Surrogate-Gradient Template (with regularization)¶
A reusable template for training a Spyx SNN on the Spiking Heidelberg Digits (SHD) dataset using BPTT, surrogate gradients, and per-layer activity regularization. Use this as the starting point for the scaling experiments in research/scaling_experiments/.
Required extras:
pip install "spyx[loaders]"
import os
os.environ.setdefault("XLA_PYTHON_CLIENT_MEM_FRACTION", ".80")
import jax
import jax.numpy as jnp
import optax
from flax import nnx
from sklearn.metrics import ConfusionMatrixDisplay, confusion_matrix
from tqdm import trange
import matplotlib.pyplot as plt
import spyx
import spyx.nn as snn
/home/kade/Code/spyx/.venv/lib/python3.12/site-packages/tqdm/auto.py:21: TqdmWarning: IProgress not found. Please update jupyter and ipywidgets. See https://ipywidgets.readthedocs.io/en/stable/user_install.html from .autonotebook import tqdm as notebook_tqdm
Data loading and augmentation¶
spyx.data.SHD_loader wraps Tonic's SHD dataset behind a Google Grain pipeline. Spikes are bit-packed along the time axis; we recover dense spikes inline with jnp.unpackbits. spyx.data.shift_augment returns a JIT-compiled function that randomly rolls the input along its channel axis - a cheap form of data augmentation.
BATCH = 256
SAMPLE_T = 128
CHANNELS = 128
shd_dl = spyx.data.SHD_loader(batch_size=BATCH, sample_T=SAMPLE_T, channels=CHANNELS)

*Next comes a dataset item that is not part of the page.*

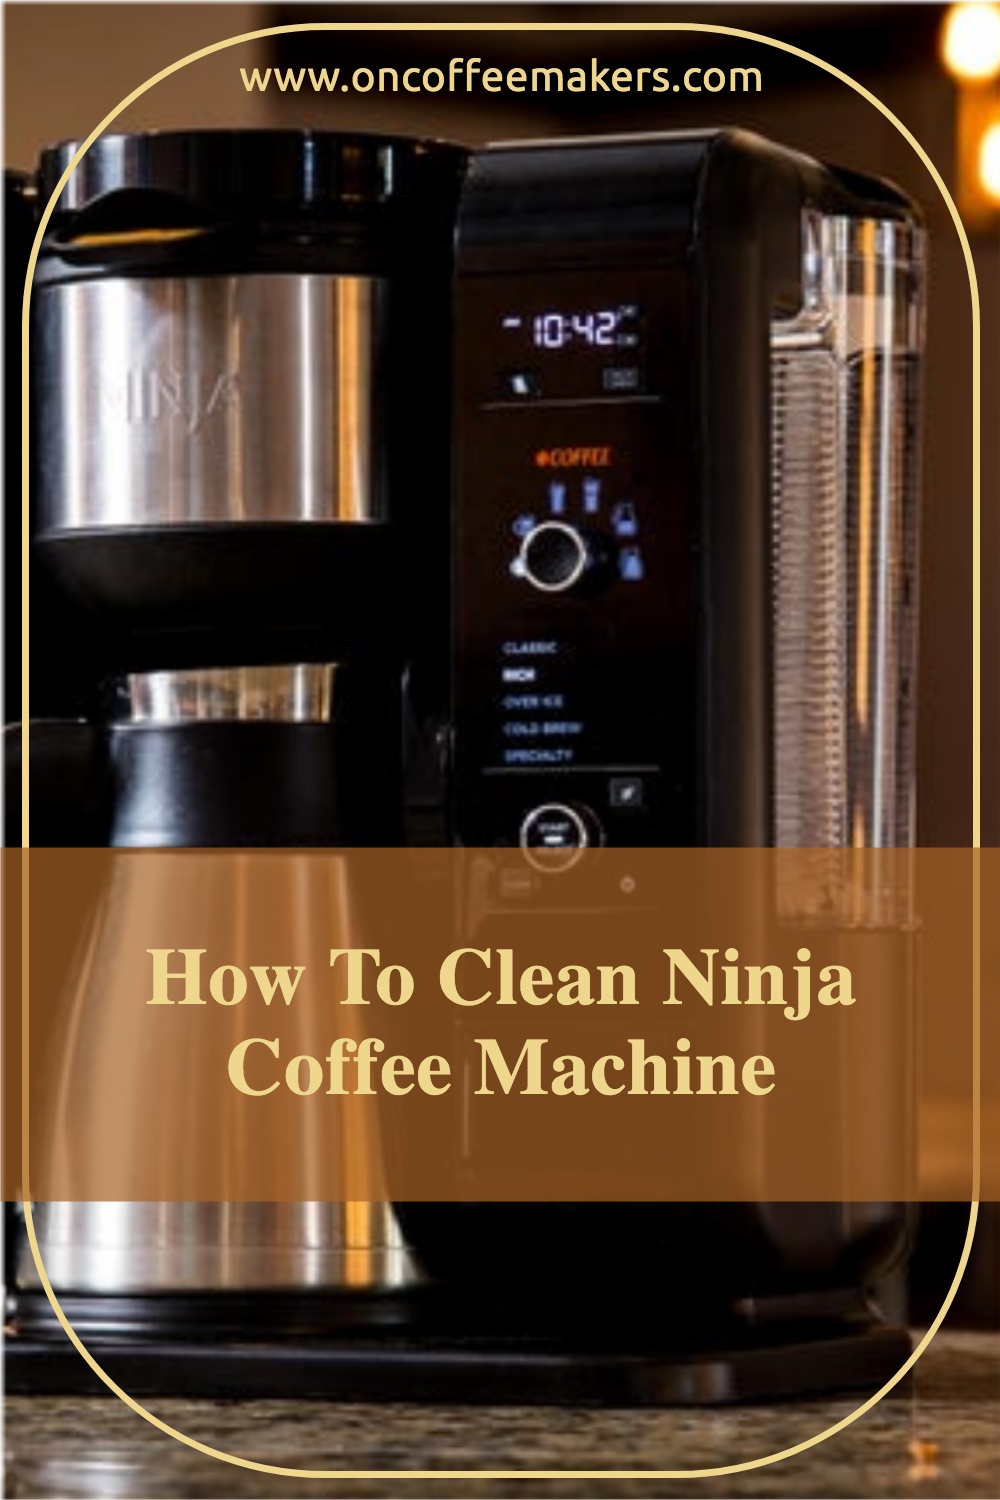 https://www.oncoffeemakers.com/images/How-To-Clean-Ninja-Coffee-Machine-2.jpg

augment = spyx.data.shift_augment(max_shift=16, axes=(2,))
print("observation shape:", shd_dl.obs_shape, "num classes:", int(shd_dl.act_shape[0]))
# Prestage the whole dataset onto the accelerator once, then scan over the
# prestaged batches each epoch. This is dramatically faster than re-decoding
# SHD through the streaming grain pipeline every epoch, and the whole dataset
# fits comfortably in memory. `prestage` returns per-batch arrays shaped
# (num_batches, batch, packed_time, channels).
train_obs, train_labels = shd_dl.prestage("train")
test_obs, test_labels = shd_dl.prestage("test")
print("prestaged train:", train_obs.shape, " test:", test_obs.shape)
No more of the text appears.